A: Carrot Cake Cookies can last up to a week when stored in an airtight container at room temperature. If they contain cream cheese centers, it’s best to refrigerate them and consume within 3-4 days for optimal freshness.
3. Q: Can I freeze the unbaked cookie dough for later use?
A: Absolutely! You can freeze the assembled cookie dough with the cream cheese centers for up to 3 months. When ready to bake, you can bake them directly from the freezer, adding a couple of extra minutes to the baking time.
4. Q: Can I add or substitute other mix-ins, like pecans or dark chocolate chips?
A: Yes, these cookies are versatile. Feel free to substitute or add other mix-ins like pecans, dark chocolate chips, or even coconut flakes. Just ensure that the total quantity of mix-ins remains consistent with the original recipe to maintain the cookie’s texture.
5. Q: I don’t have pumpkin spice. Can I still make these cookies?
A: Definitely! While pumpkin spice adds a lovely autumnal warmth, it’s optional. The cookies will still be delicious without it. If you’d like, you can substitute with a pinch of cinnamon or nutmeg for a hint of spice.
How To Make Carrot Cake Cookies:
Jump to RecipeIngredients:
- Cream Cheese Frosting Center:
- 76g / 1/3 cup cream cheese (room temp)
- 13g 1 tbsp powdered sugar
- Cookie Dough:
- 120 g / 1/2 cup butter, soft
- 50 g / 1/4 cup brown sugar
- 100 g / 1/2 cup white sugar
- 2 eggs, room temperature
- 5 g / 1 tsp cornstarch
- 2.5 g / 1/2 tsp baking powder
- A pinch of salt
- 2-3 g / 1 tsp. pumpkin spice (optional)
- 187.5 g / 1 1/2 cups all-purpose flour
- 55g shredded carrots (about 1 pc)
- 50 g / 1/3 cup white chocolate chips
- 50 g / 1/3 cup chopped walnuts
- 35g / 1/4 cup dried cranberries or raisins
Directions:
- Cream Cheese Filling:
- In a medium mixing bowl, beat together cream cheese and powdered sugar until smooth. Transfer to a piping bag and pipe small dollops onto a parchment-lined tray. Freeze for at least an hour.
- Cookie Dough:
- Cream butter, brown sugar, and white sugar. Beat in eggs, followed by corn starch, baking powder, salt, and pumpkin spice. Add flour gradually and fold in carrots, chocolate chips, walnuts, and dried fruits.
- Assembly:
- Place cookie dough portions on a parchment-lined sheet, make a small well, and add a frozen cream cheese dollop. Freeze for 30 minutes.
- Baking:
- Preheat oven to 350°F (175°C) and bake cookies for 14-18 minutes. Cool and dust with cinnamon.

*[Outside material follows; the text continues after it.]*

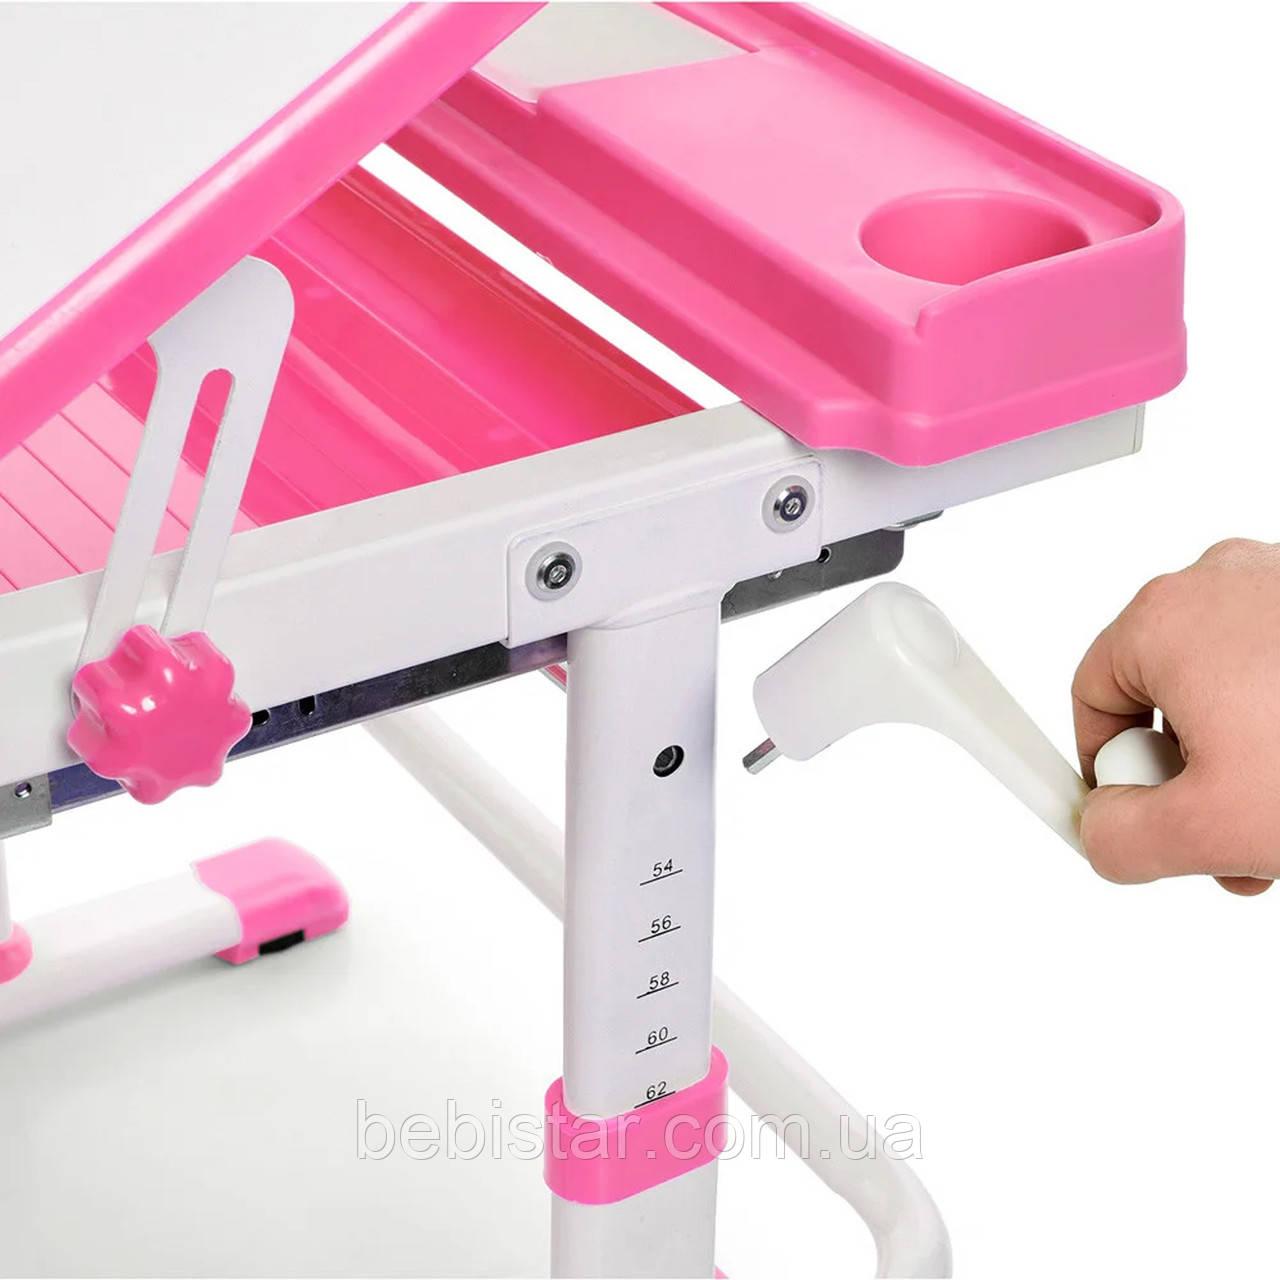 """Детская парта растишка """"Bambi"""" розового цвета трансформер девочке от 3 лет столешница 70 х 38 см - фото 7"""

Tips to Perfect Your Carrot Cake Cookies:
- Use Room Temperature Ingredients: This ensures even mixing and better texture.
- Don’t Overmix: Mix just until combined to keep the cookies soft.
- Regularly Rotate the Baking Sheet: This helps in even baking.
- Allow Proper Cooling: Before transferring, let the cookies cool on the baking sheet to maintain shape.
- Storage: Store in an airtight container to retain freshness. If stacking, use parchment paper in between.

If you enjoyed this recipe, you might also love our other cookie creations. Check out our Maple Pecan Cookies or our delectable Crinkle Cookies for more baking inspiration!
In Conclusion:
Carrot Cake Cookies are not just a delightful treat; they’re a testament to the magic that happens when two beloved desserts merge. By combining the moist, spiced allure of a carrot cake with the bite-sized convenience of a cookie, you’re in for a culinary experience that dances between the familiar and the innovative.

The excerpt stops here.